The complications of
diabetic polyneuropathy (DN) determines its level of severity. It may occur with distinctive clinical symptoms (painful DN) or appears undetected (painless DN). This study aimed to investigate microglia activation and signalling molecules
brain-derived neurotrophic factor (
BDNF) and
downstream regulatory element antagonist modulator (DREAM)

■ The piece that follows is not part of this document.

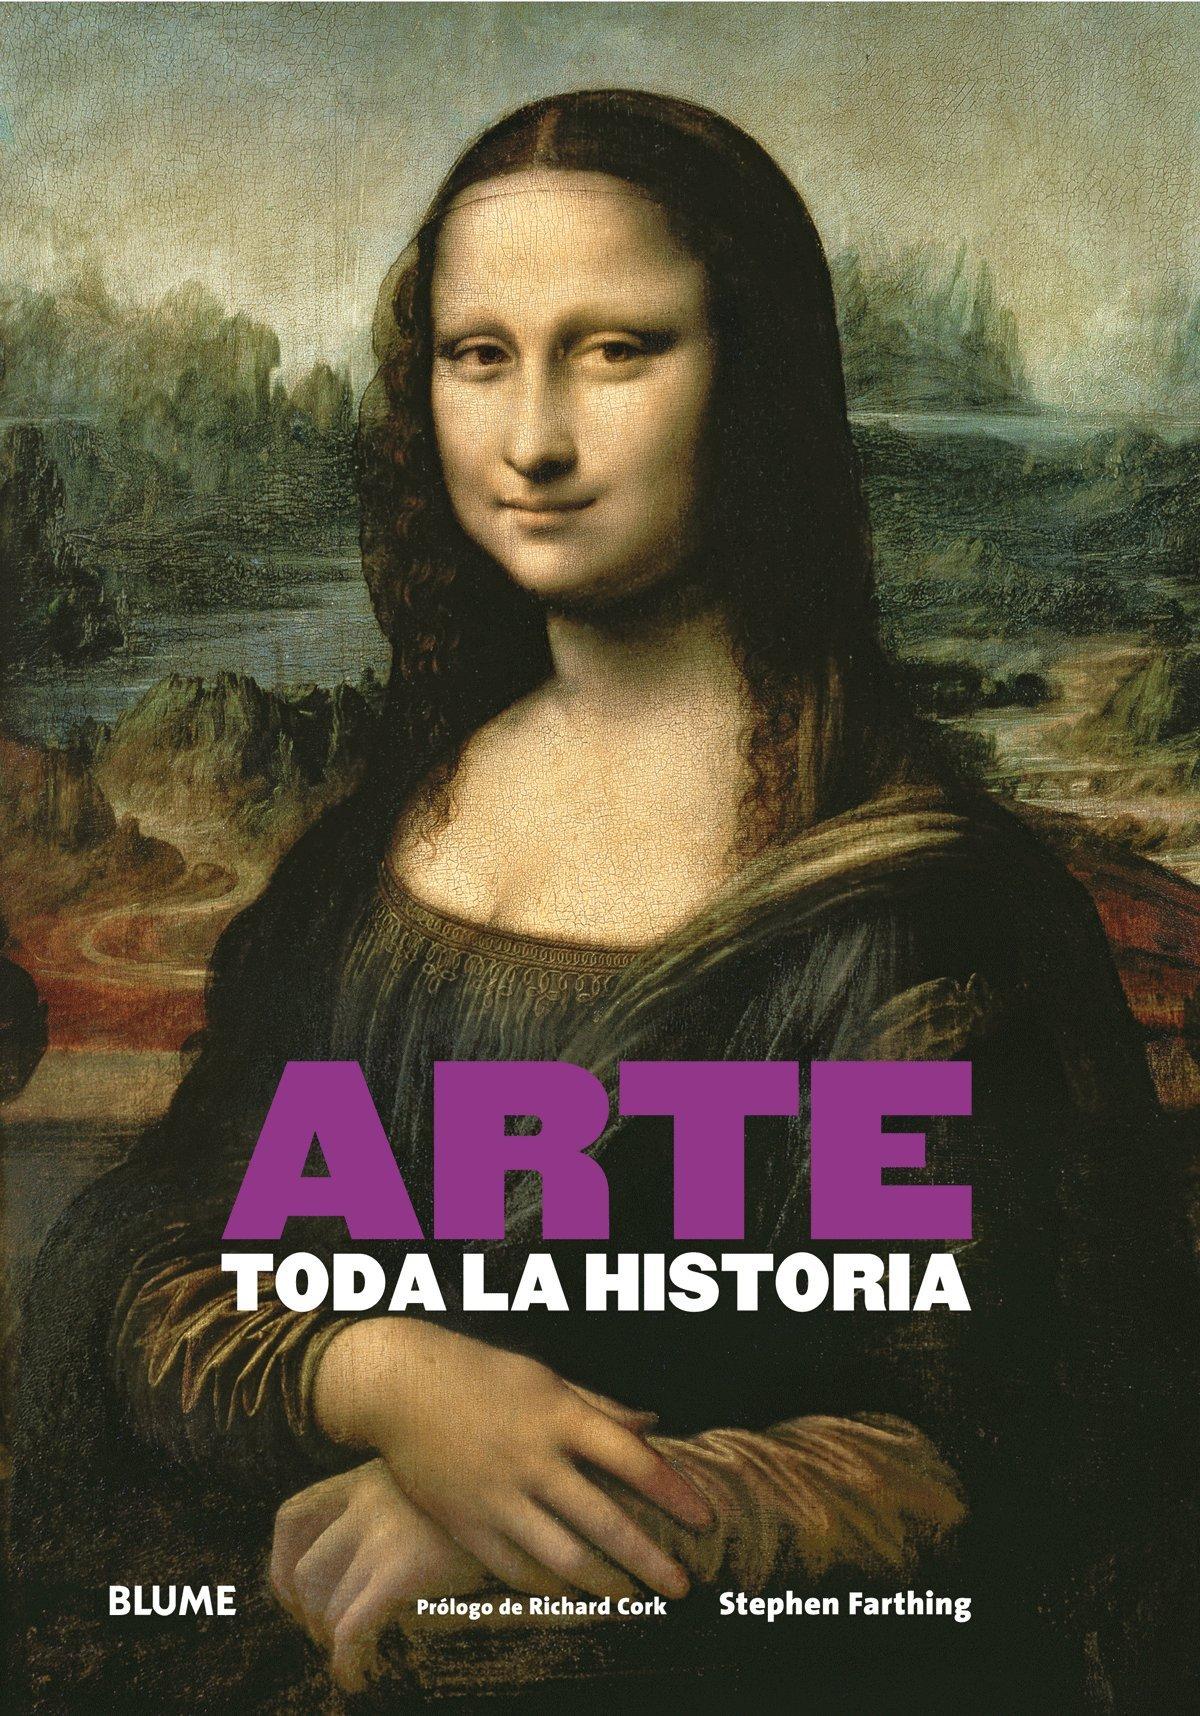 Arte. Toda La Historia: Amazon.es: Farthing, Stephen, Cork, Richard, Rodríguez Fischer, Cristina: Libros

proteins in spinal cord of
streptozotocin-induced
diabetic neuropathy rats. Thirty male Sprague-Dawley rats (200-230 g) were randomly assigned into three groups: (1) control, (2) painful DN and (3) painless DN. The rats were induced with diabetes by single
intraperitoneal injection of
streptozotocin (60 mg/kg) whilst control rats received
citrate buffer as a vehicle. Four weeks post-diabetic induction, the rats were induced with chronic inflammatory
pain by intraplantar injection of 5%
formalin and
pain behaviour responses were recorded and assessed. Three days later, the rats were sacrificed and lumbar enlargement region of spinal cord was collected. The tissue was immunoreacted against OX-42 (microglia),
BDNF and DREAM
proteins, which was also quantified by western blotting. The results demonstrated that painful DN rats exhibited increased
pain behaviour score peripherally and centrally with marked increase of spinal activated microglia,
BDNF and DREAM
proteins expressions compared to control group. In contrast, painless DN group demonstrated a significant reduction of
pain behaviour score peripherally and centrally with significant reduction of spinal activated microglia,
BDNF and DREAM
proteins expressions. In conclusions, the spinal microglia activation,
BDNF and DREAM
proteins correlate with the
pain behaviour responses between the variants of DN.